== Problem statement ==
Beginning with the line that contains "Cómo usar No", repeat each line exactly through the end of the listing below. Pictures stay out.

Source material START

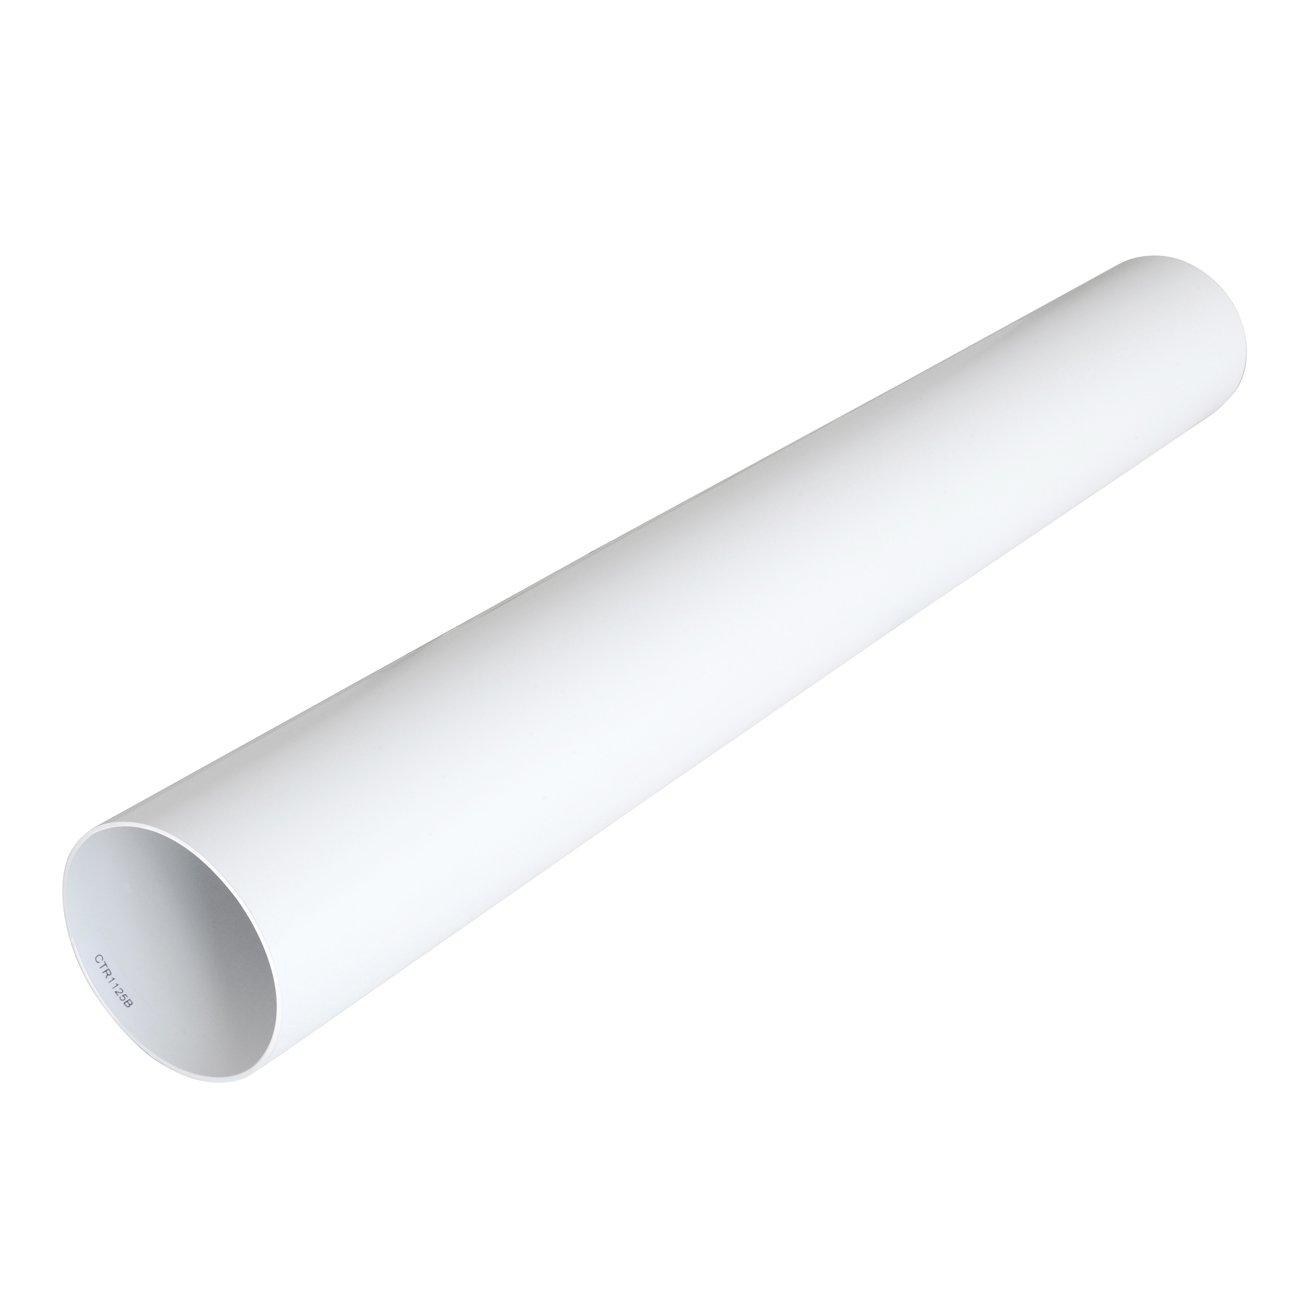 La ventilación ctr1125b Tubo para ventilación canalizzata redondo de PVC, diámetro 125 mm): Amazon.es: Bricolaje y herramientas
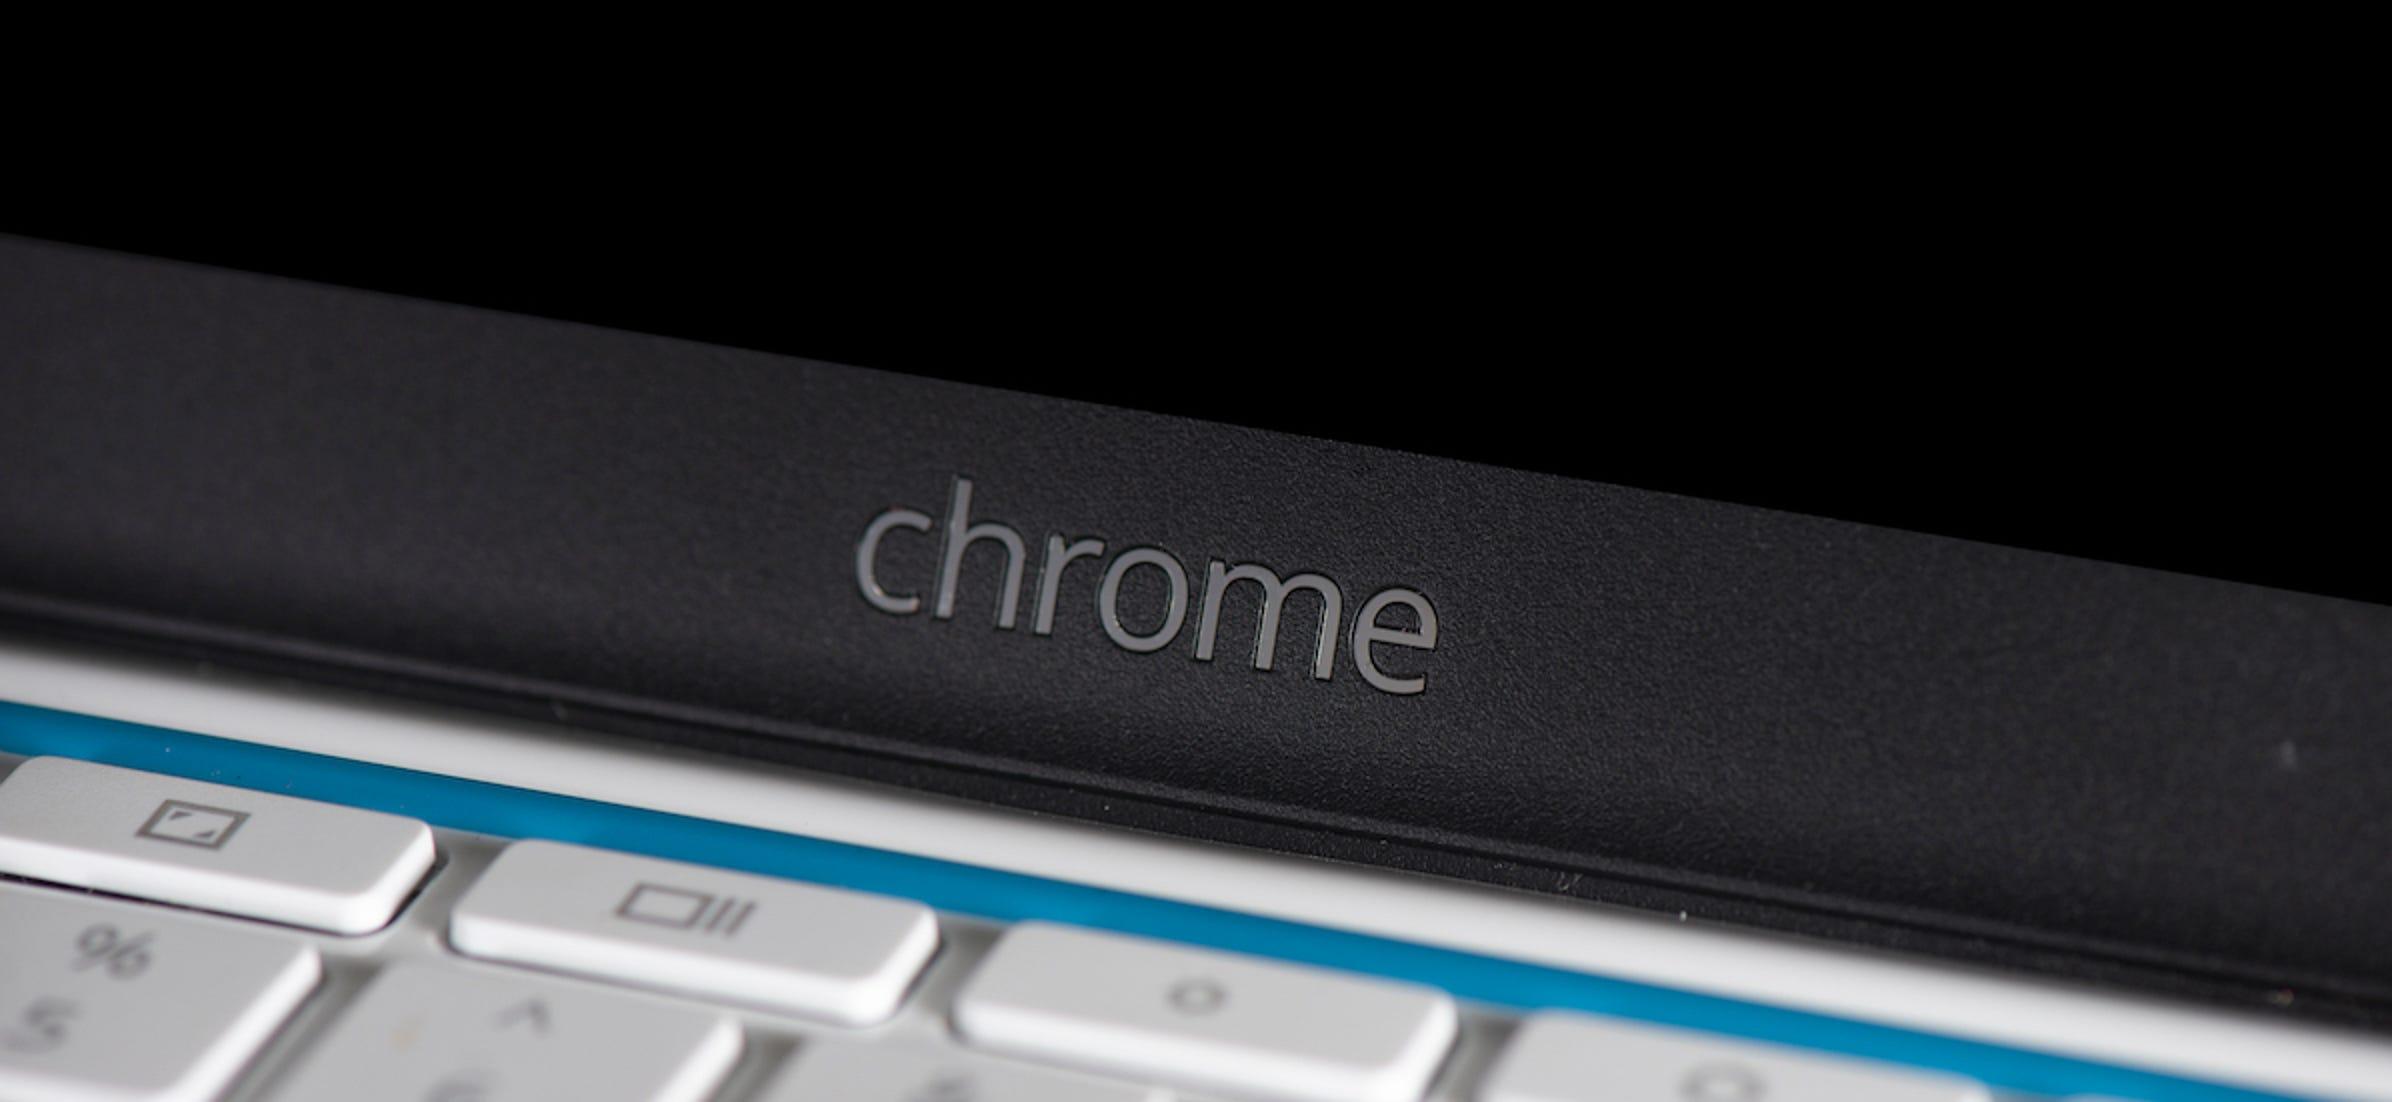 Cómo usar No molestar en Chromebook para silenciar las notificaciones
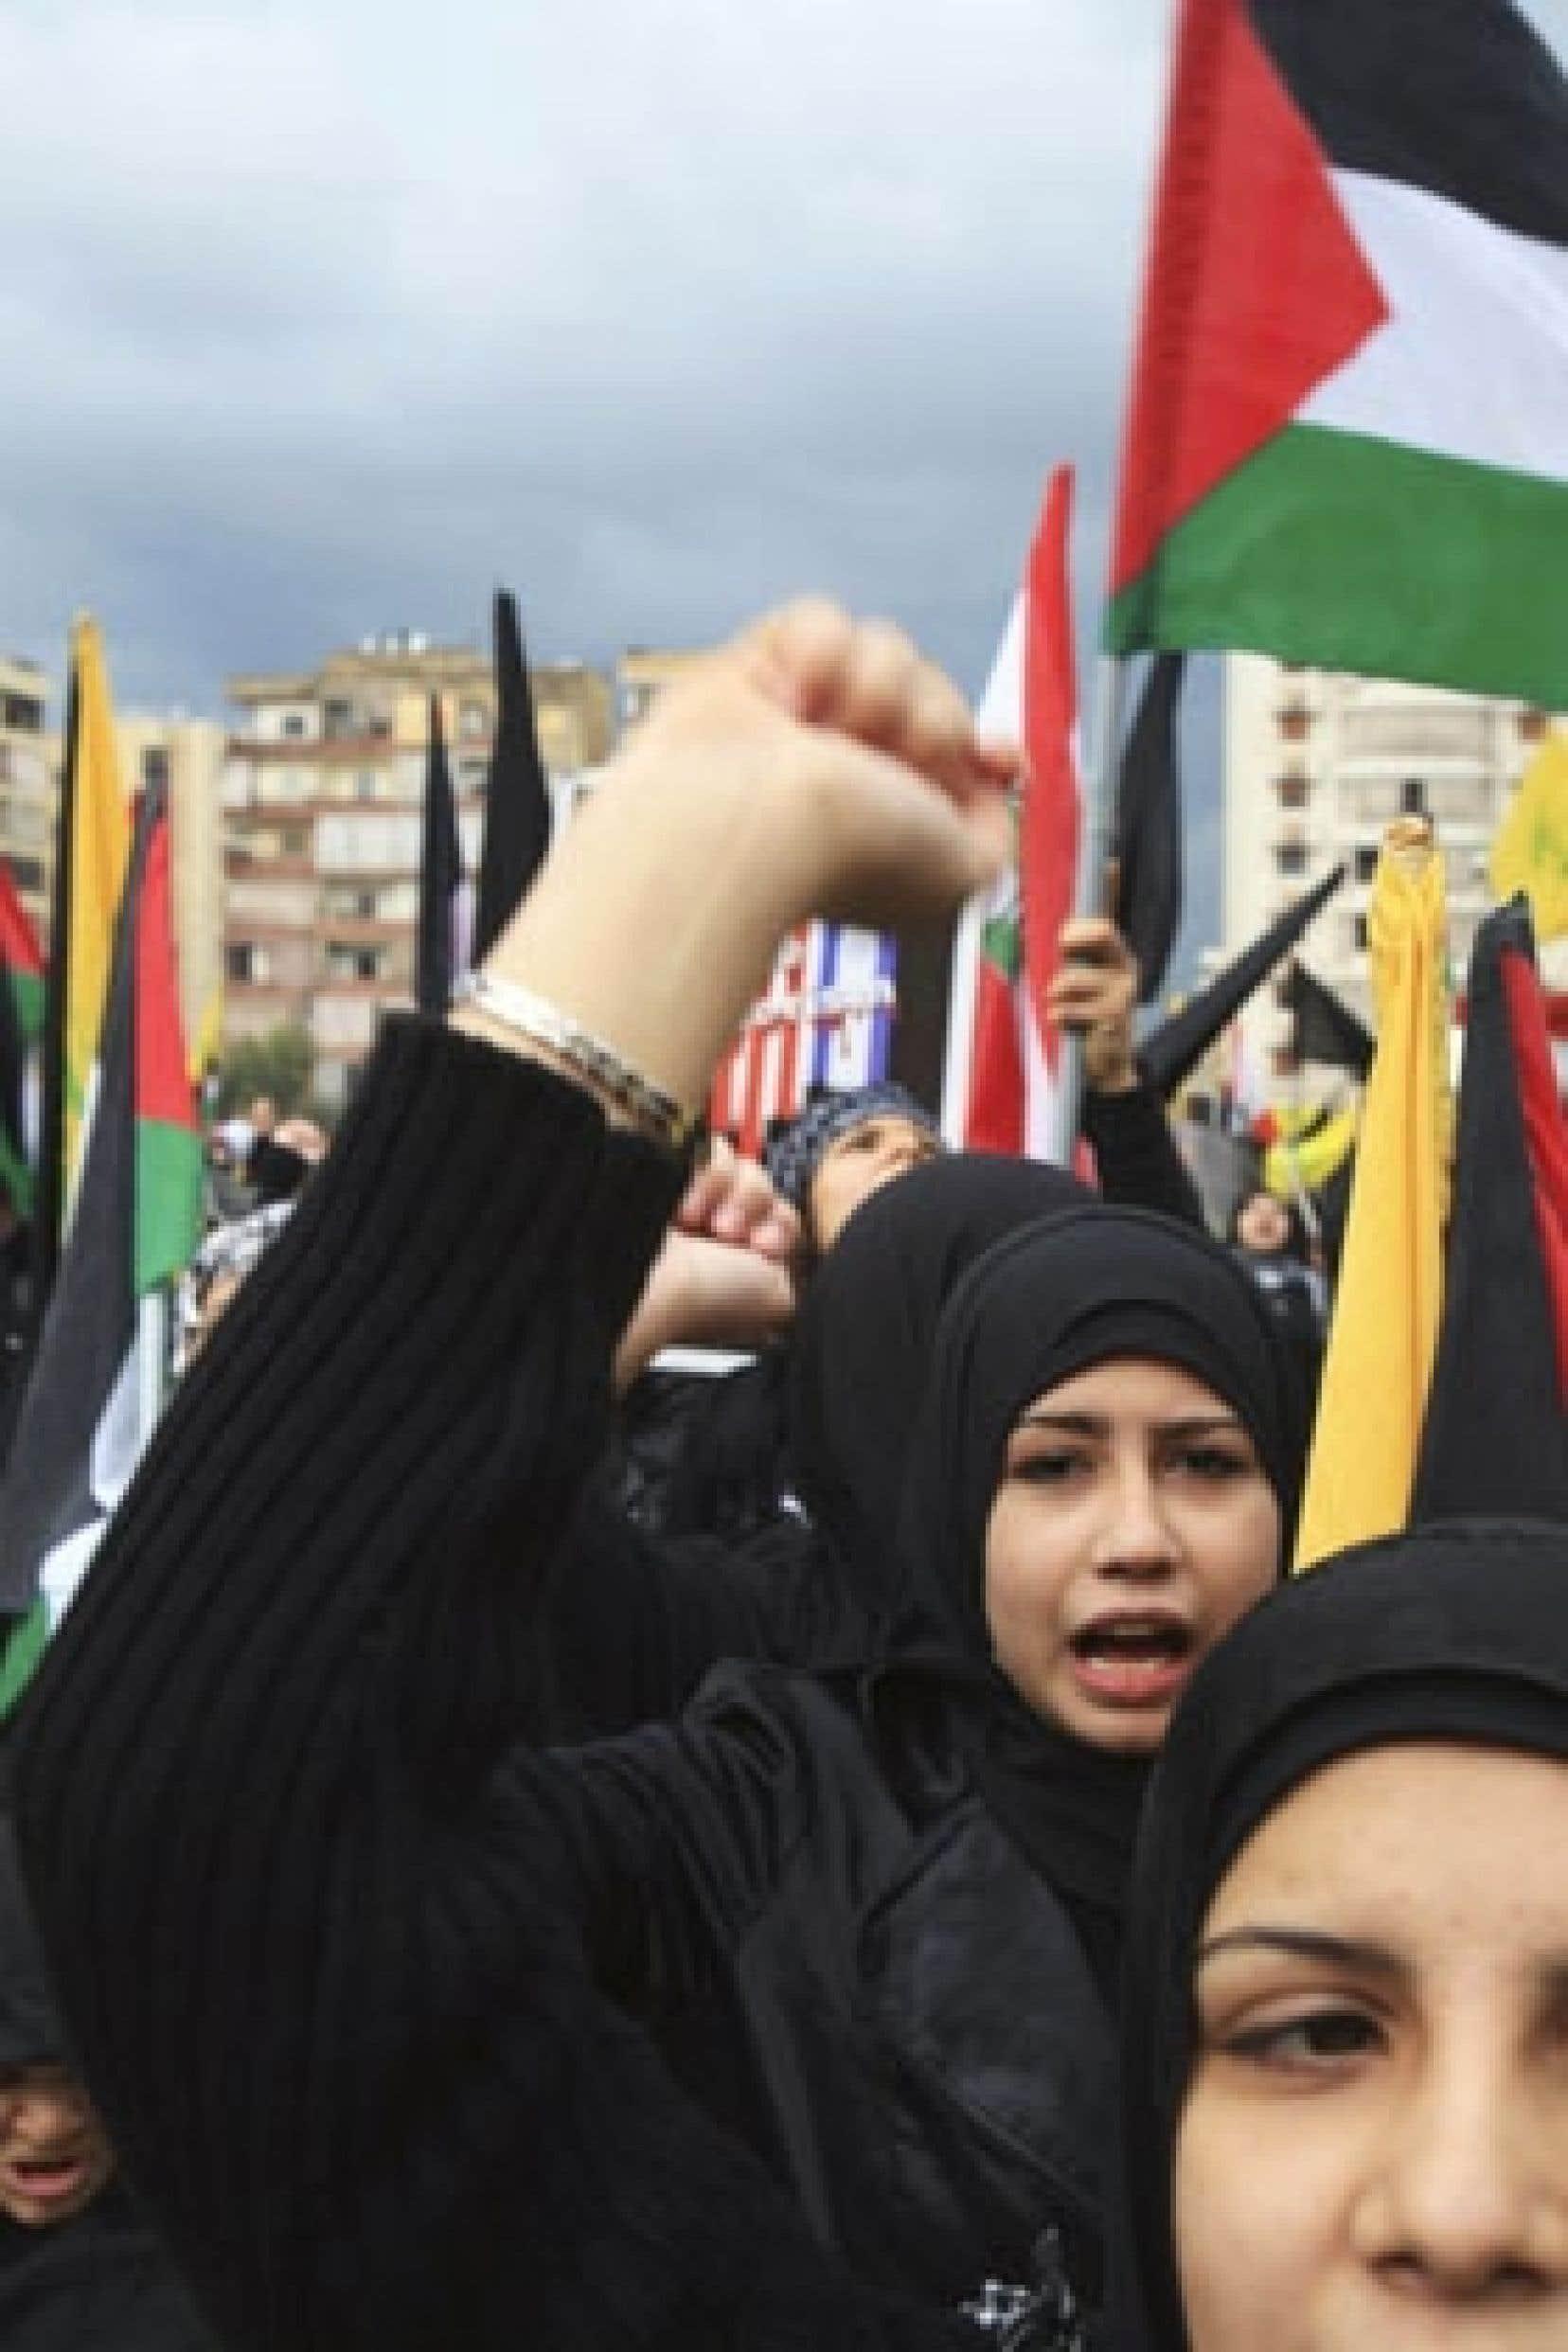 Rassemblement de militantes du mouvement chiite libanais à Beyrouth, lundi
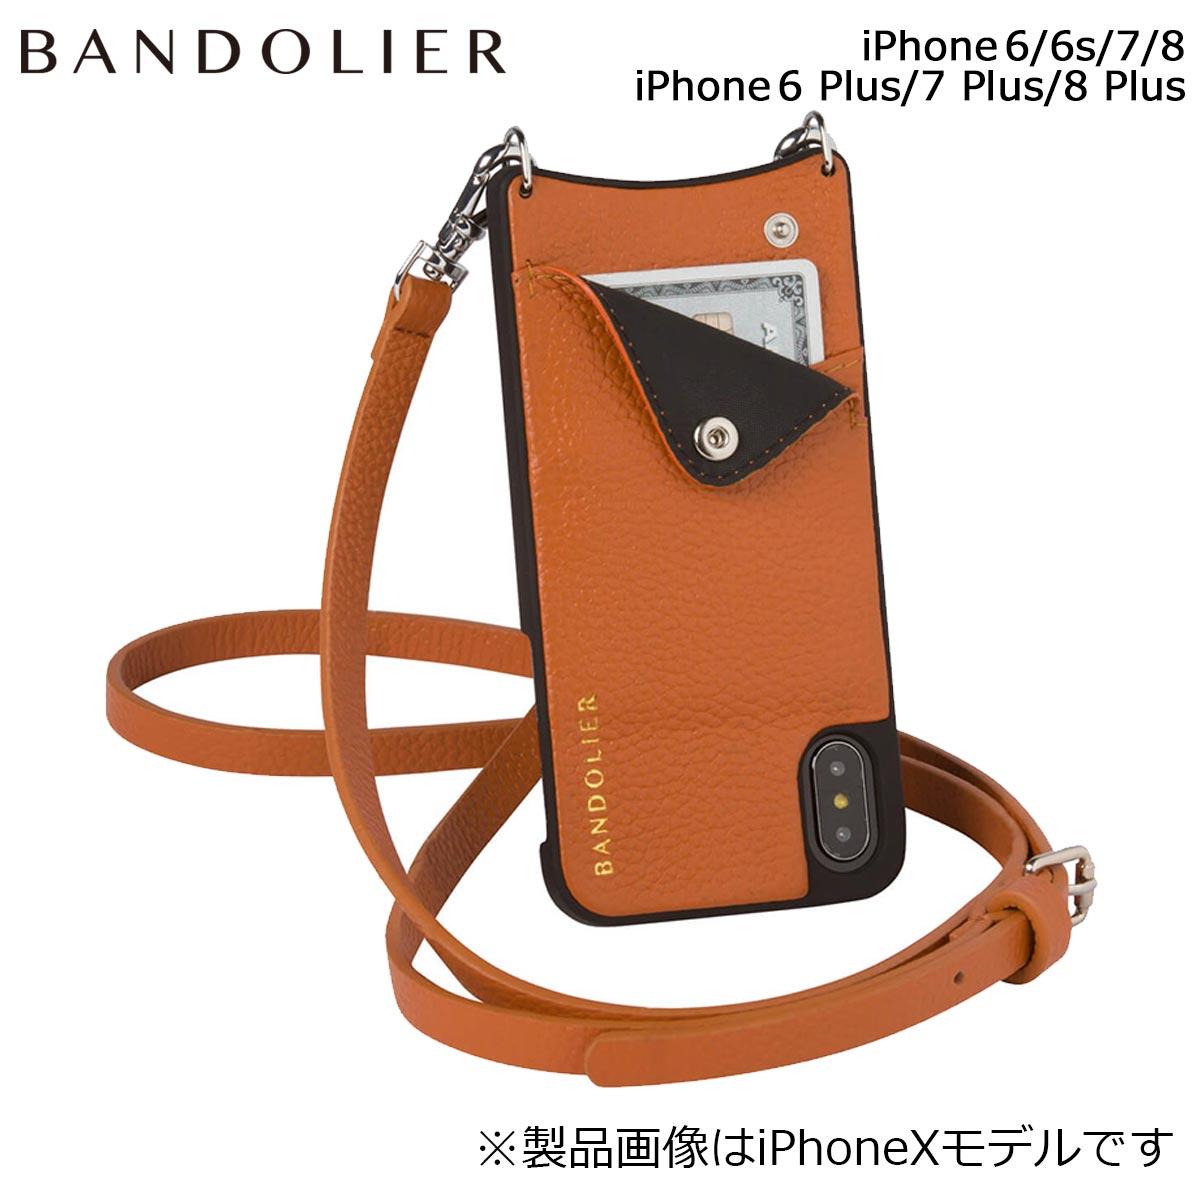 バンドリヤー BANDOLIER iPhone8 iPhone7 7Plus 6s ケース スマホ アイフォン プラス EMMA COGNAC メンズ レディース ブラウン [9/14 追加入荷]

Source material END

== Expected answer ==
 Cómo usar No molestar en Chromebook para silenciar las notificaciones
 Rassemblement de militantes du mouvement chiite libanais à Beyrouth, lundi
 バンドリヤー BANDOLIER iPhone8 iPhone7 7Plus 6s ケース スマホ アイフォン プラス EMMA COGNAC メンズ レディース ブラウン [9/14 追加入荷]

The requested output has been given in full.